For MasVnrType(masonry veneer), let's fill it with a None Category. For MasVnrArea, let's use the median.

For the LotFrontage, let's use the median.

In [None]:
Selected_features=['Alley','FireplaceQu','PoolQC','Fence','MiscFeature','GarageType','GarageFinish','GarageQual','GarageCond','BsmtQual','BsmtCond','BsmtExposure','BsmtFinType1','BsmtFinType2','MasVnrType']
for item in Selected_features:
    df[item]=df[item].fillna('None')
df['GarageYrBlt'][df['GarageYrBlt'].isna()]=df['YearBuilt'][df['GarageYrBlt'].isna()]
df.drop(df[df['Electrical'].isna()].index,inplace=True)
df['LotFrontage'].fillna(df['LotFrontage'].median(),inplace=True)
df['MasVnrArea'].fillna(df['MasVnrArea'].median(),inplace=True)
print('the number of remaining missing values are ',df.isna().sum().sum(),'\n')

## Train/test split

Let's drop the 'id' column and split the data to train/test sets.

In [None]:
id_=df.pop('Id')
y=df.pop('SalePrice')
x=df.select_dtypes(exclude=['object'])
X_train, X_test, Y_train, Y_test = train_test_split(x, y, test_size=0.2)

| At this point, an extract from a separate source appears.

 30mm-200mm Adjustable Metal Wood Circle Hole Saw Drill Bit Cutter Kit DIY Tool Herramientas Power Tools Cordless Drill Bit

Let's take a look at the X_train and Y_train

In [None]:
pd.set_option('display.max_rows', 10)
X_train

In [None]:
Y_train

## XGBRegressor Model

Let's go over a range of parameters for the model and find the ones with the highest score.

In [None]:
parameters = {'n_estimators': [10, 100, 500],
    'max_depth': [3, 5, 7, 9],
    'learning_rate': [0.05, 0.1, 0.2],
    'min_child_weight': [1, 10, 100]}

XGBR = XGBRegressor()
XGBR_cv=GridSearchCV(XGBR,parameters,cv=4)
XGBR_cv.fit(X_train,Y_train)
print("tuned hpyerparameters :(best parameters) ",XGBR_cv.best_params_)
print("R-squared Score_CV:",XGBR_cv.best_score_)
XGBR_cv.score(X_test,Y_test)
print("R-squared Score_test:",XGBR_cv.score(X_test,Y_test))

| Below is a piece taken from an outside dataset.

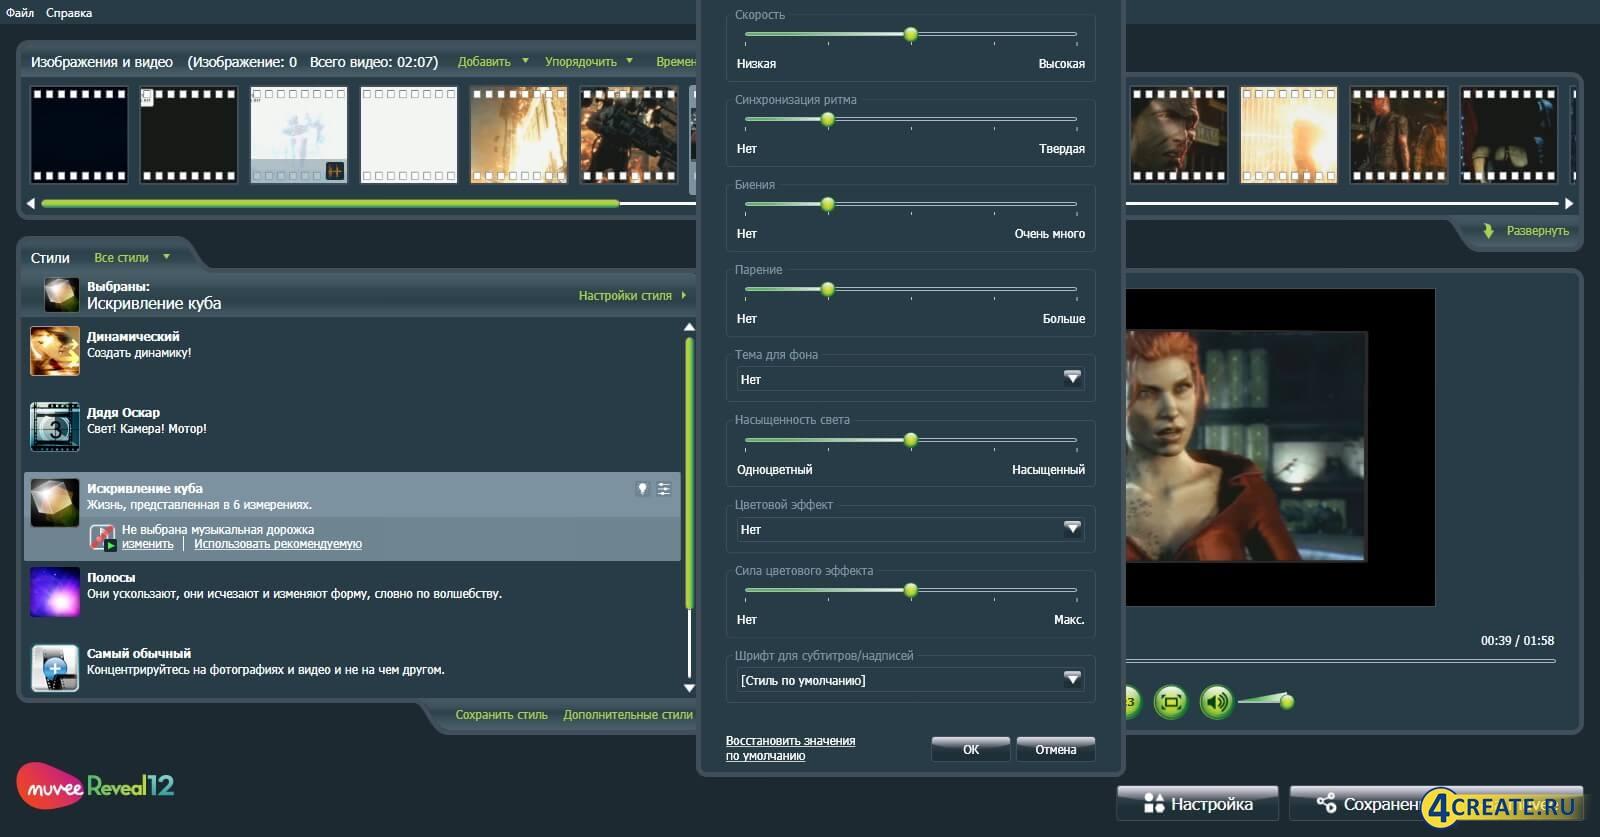 muvee Reveal 12 (Скриншот 3)

__Summary:__ The "House Price Prediction" project utilized XGBRegression to forecast property prices based on a comprehensive real estate dataset. This dataset contains extensive property attributes crucial for predicting sale prices. The project encompassed preprocessing, including handling missing values. The XGBoost regression model was fine-tuned, resulting in an R-squared score of 0.8549 during cross-validation and an impressive 0.9047 on the test dataset. This project exemplifies the effectiveness of data science techniques in predicting real estate prices and offers valuable insights into leveraging advanced algorithms for housing market analysis.